If however, somebody were actually shot to death for instance in the production of a film or television show, even if voluntarily in the name of “artistic realism”, it would be sin in every instance and sin to support it with God’s treasure and time. Any individual viewer’s particular tolerance for blood is entirely irrelevant. The act itself is sin, even if nobody ever saw it.

Reginald O'Donoghue
Guest

It is not wrong for a show to contain violence. Gratuitous violence maybe, but not violence in itself, by that logic the Bible would be wrong.

Tiribulus
Guest

We are still talking past each other to a large degree Stepehn, but that’s ok. We’ll get there. Can’t do it now though.

Tiribulus
Guest

It’s 3 in the morning and we have no power in our neighborhood (huge storm) I’m at my church.

Real quick. My point was that if REAL murder were included in a film, it would be sin to produce it 100% of the time. While there may not be actual intercourse happening, there is plenty of actual nudity and actual sexual contact in today’s visual media entertainment that is sinful in it’s own right having nothing to do with the audience’s reaction. It is that that has been my focus for the year now that I’ve been regularly dealing with this. I don’t even address whether it induces lust in the consumer or not. Because people lie and most effectively to themselves.

No. If there is content in a production that I could not watch my wife, daughter or sons “perform” or that I could not myself perform before them or God then it is the rankest hypocrisy to pay unbelievers to do it for me. I am financing their damnation which is the diametric opposite of loving them as myself. That goes for ANY content. Blasphemous language too.
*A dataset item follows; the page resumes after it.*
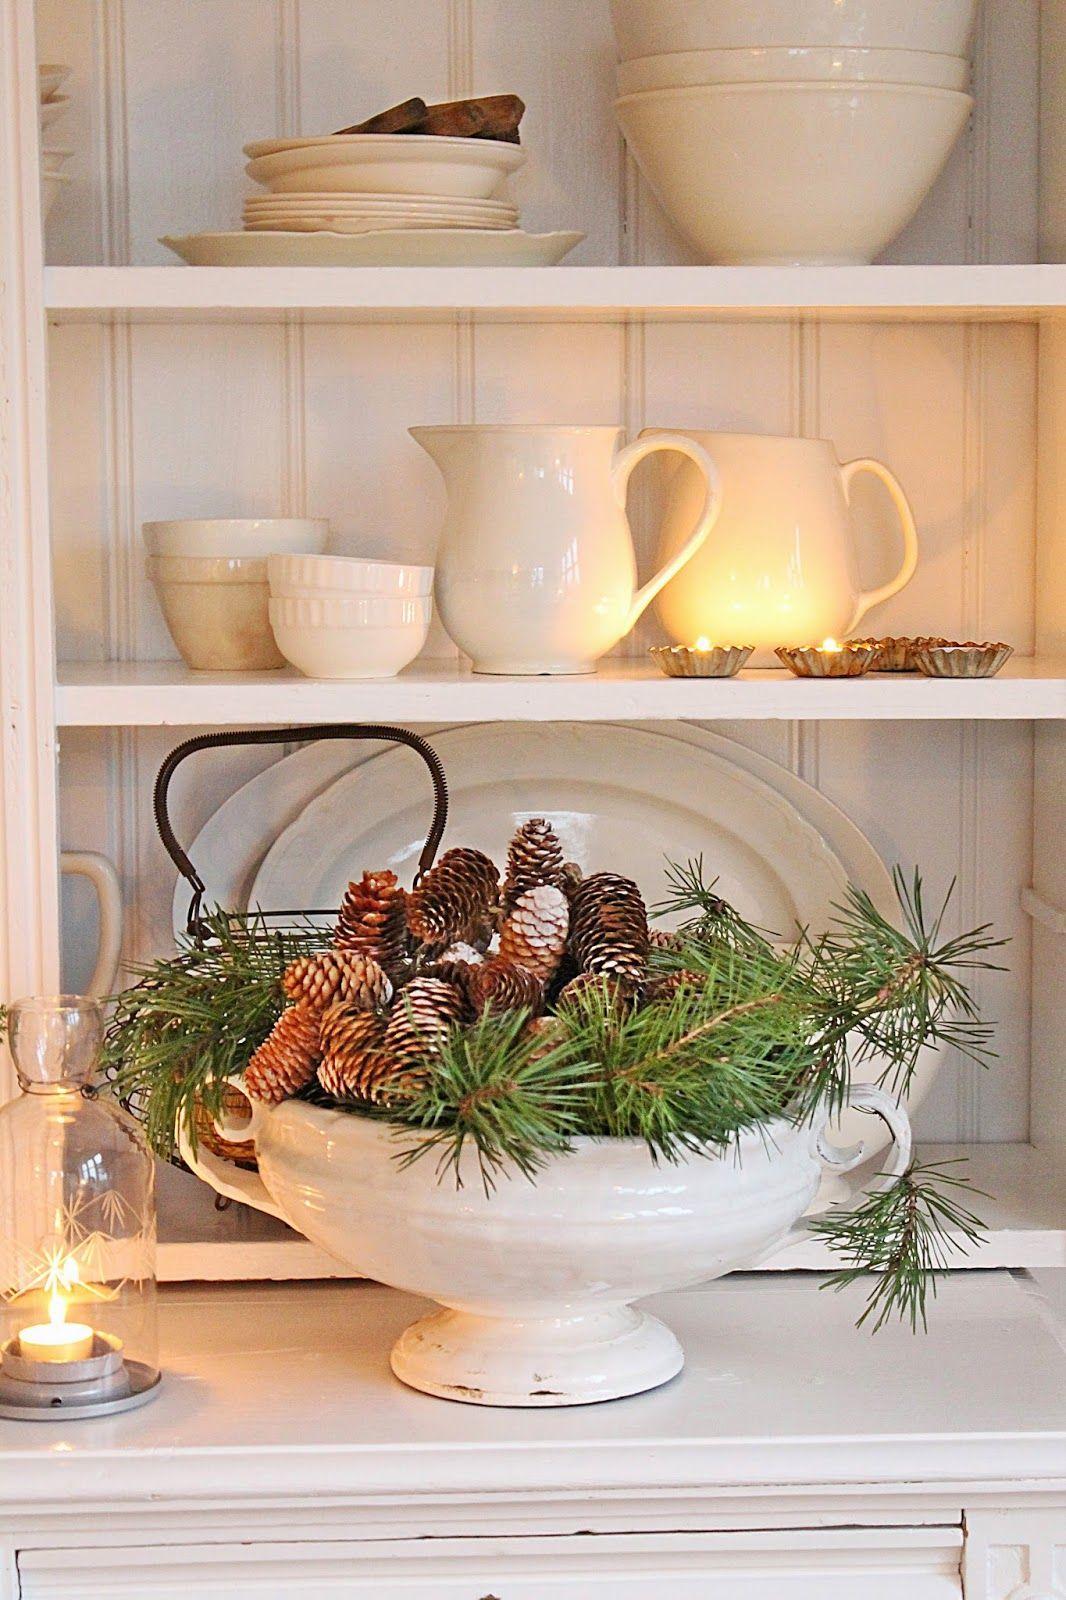 Ja det er nesten bare å beklage altså.....men snart klarer jeg ikke å vente lengere med å bringe jula inn i hus :) Jeg klarte bare ikk...

The Lord did not say He would not hold them guiltless who take his name in vain UNLESS it was for a movie or TV show (or book for that matter) where it would be considered “art”.

Yes, there are far more ways to take God’s name in vain than simply speaking it in a vulgar fashion. That however IS included. As Pastor Wilson says (Cap Stewart’s guy) whom I also know a bit, this discussion couldn’t even have happened before a couple decades ago. The church always got this until recently. Motion picture media is beyond dispute the most powerful tool of manipulation and indoctrination in the history of the world. Hitler had his masters of movie propaganda. We should be VERY wary of it in the hands of exceptionally capable and endlessly financed people who are the eternally mortal enemies of our God and His Christ.

Tiribulus
Guest

Oops. No, it is not sin to inadvertently witness real life violence. I would never say such thing. I live in Detroit, but the real standard is that the bible does not say that seeing violence by accident is a sin.  Or nudity for that matter. If forced into an emergency situation by God’s providence, He would also give grace for delivering a baby or protecting a naked woman running from a house to escape an assailant for instance. (these really happen. At least here) Life saving medicine is also unrelated to entirely unnecessary art and entertainment. I’ve heard that one 100 times too.

Reginald O'Donoghue
Guest

I happen to enjoy Game of Thrones/ASOIAF gritty realism and political intrigue, I don’t even mind the violence, since that is a plenty in the Bible. But I am finding it especially hard to justify liking it with regard to the pornographic aspect you mentioned. What alternatives might there be which contain the aforementioned themes?